Suppose all \(X_i\in {1,\ldots, k}\), \(d\) nodes, \(M\) factors.

  • Intermediate "factor-to-variable" message table: \(m_{f_C\rightarrow x_i}(x_i)\), computed from at most \(k^{v_i}\) multiplications and \(k^{|N(f_C)|-1}-1\) additions, where \(v_i=|X_C|+|N(f_C)|-1\) is the number of variables involved. We have at most \(d\times M\) such messages.

  • "variable-to-factor" massage table computed from \(k(|N(x_i)|-1)\) multiplications. We have at most \(d\times M\) such messages.

  • marginal probability computed from \(1\) multiplication (use cached message table computed by Rule 3 and 4)

  • Intermediate message tables make sharing of computational work easy

Example: Sum-Product Algorithm

  • Calculate the marginal distribution \(p(x_1)\) using the 4 rules in the previous slide \[p(x_1)=\sum_{x_2}\cdots\sum_{x_6}p(\mathbf{x})\]

Extensions

  • What if the factor graph is not a tree: junction-tree algorithm that cluster maximal cliques into supernodes which then form a tree
  • What if we care about the configuration with the maximum probability: Max-Product or Max-Sum (after taking the logarithmic transformation of the probabilities) algorithm

Comment

  • Next Lecture: Belief propagation demonstration on Hidden Markov Models
    • Forward-backward algorithm (special case of Sum-Product algorithm)
    • Viterbi algorithm (special case of Max-Product or Max-Sum algorithm)
  • Optional Reading: Yedidia, J.S., Freeman, W.T. and Weiss, Y., 2003. Understanding belief propagation and its generalizations.

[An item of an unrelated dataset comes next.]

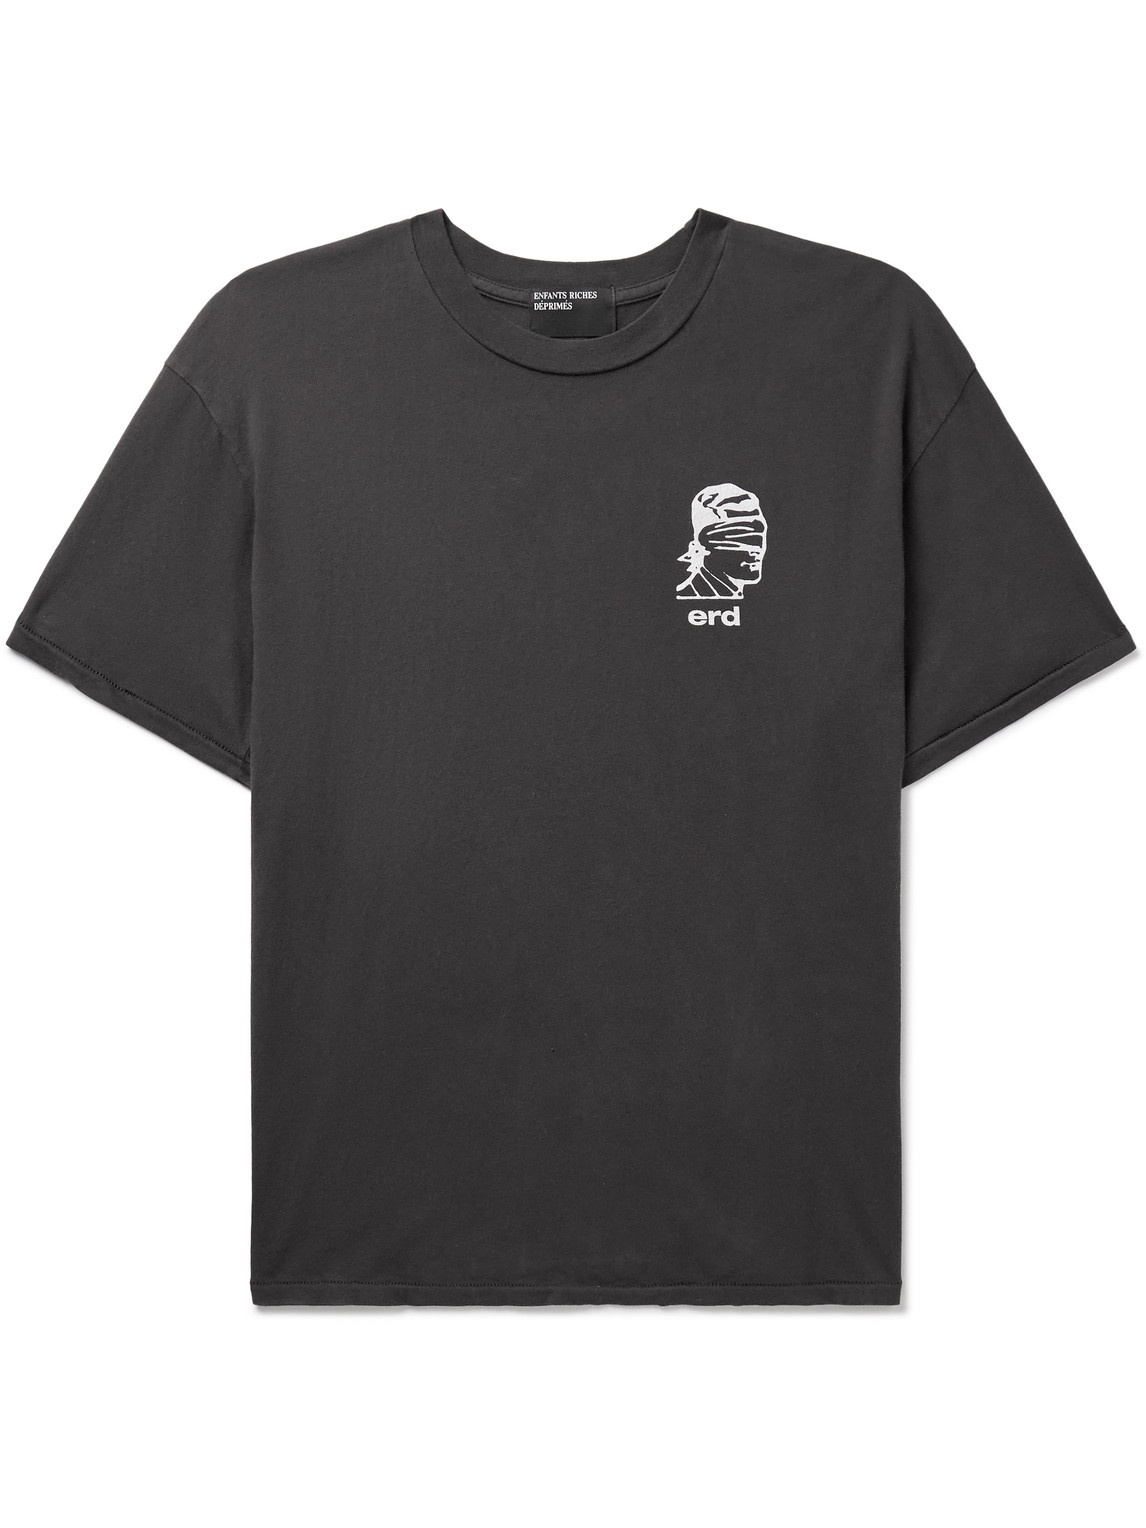 Enfants Riches Deprimes Black Bauhaus T-shirt In Black,white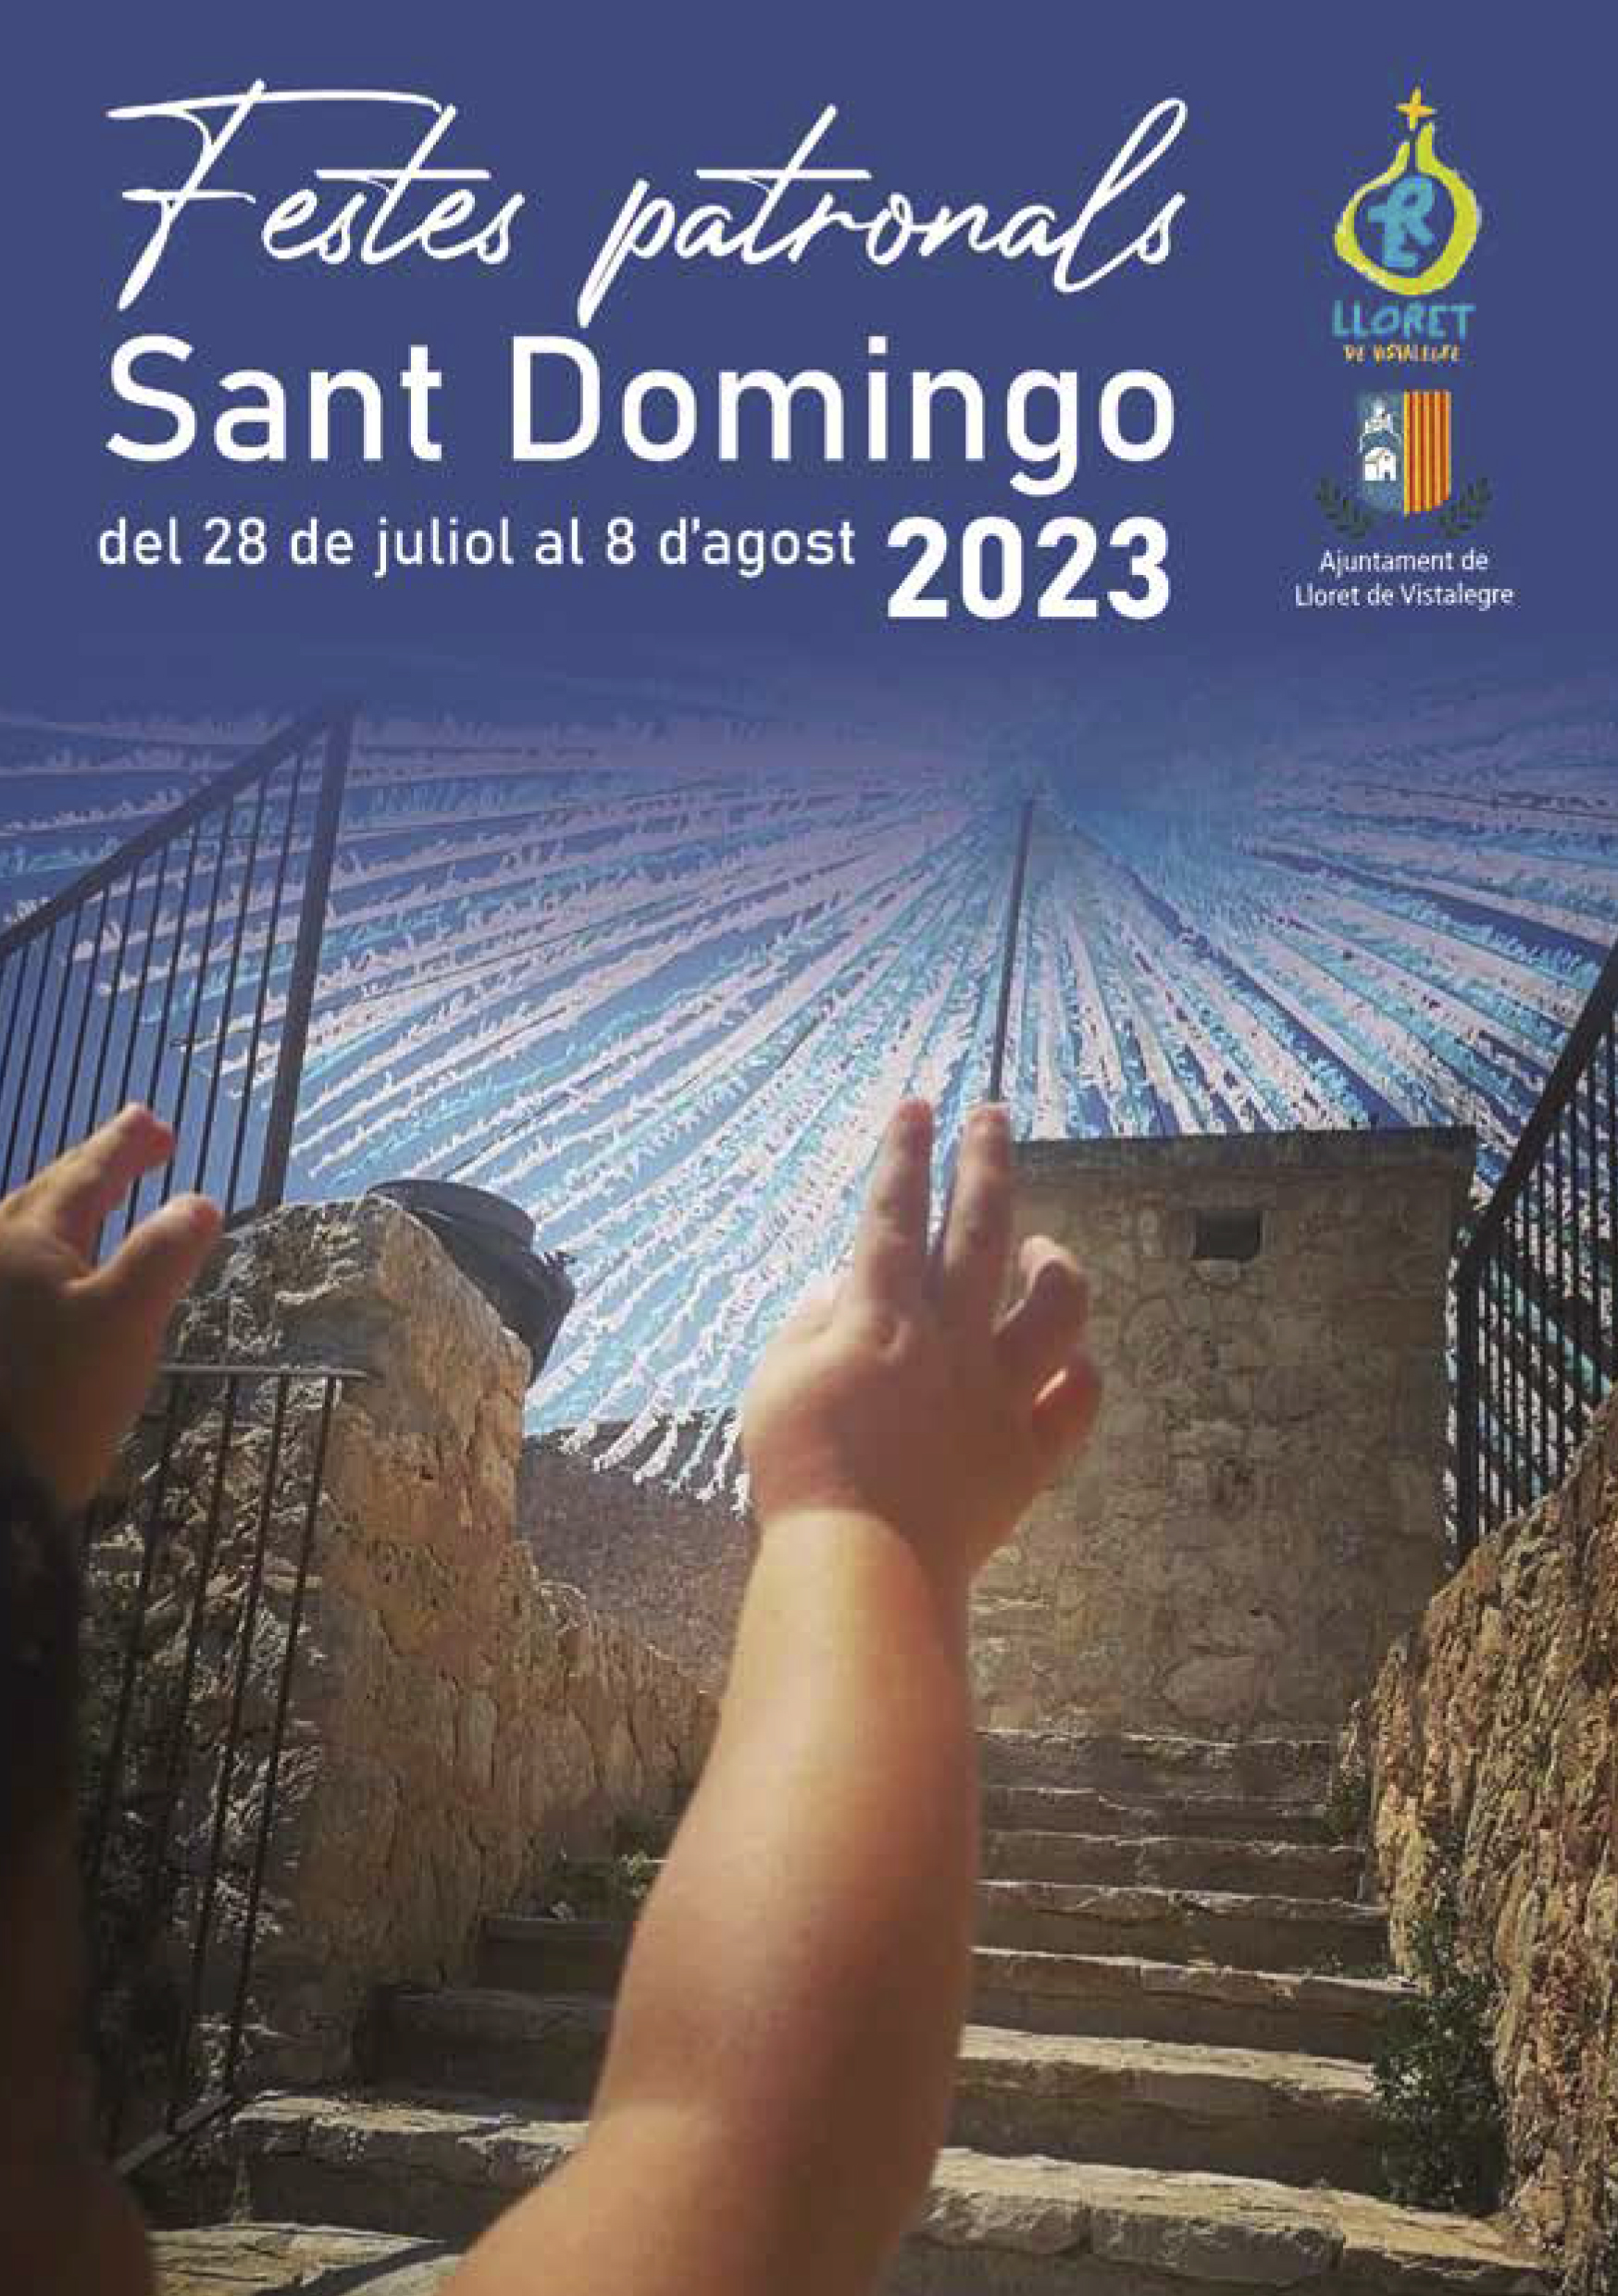 Sant Domingo 2023

Exploring artificial intelligence in the new millennium, 8, pp.236-239.
    • Belief propagation introduced by pairwise Markov networks: any factor graph can be transformed into a pairwise Markov network, vice versa.
    • For graphs not singlely-connected, we can trade-off the accuracy of approximating the marginal probabilities and the computational efficiency. Pairwise belief propagation (Bethe approximation) is not accurate when there are short loops in the graph, but fast; Large-cluster-based belief propagation (Kikuchi approximation) is more accurate, but more computational intensive because of larger intermediate tables.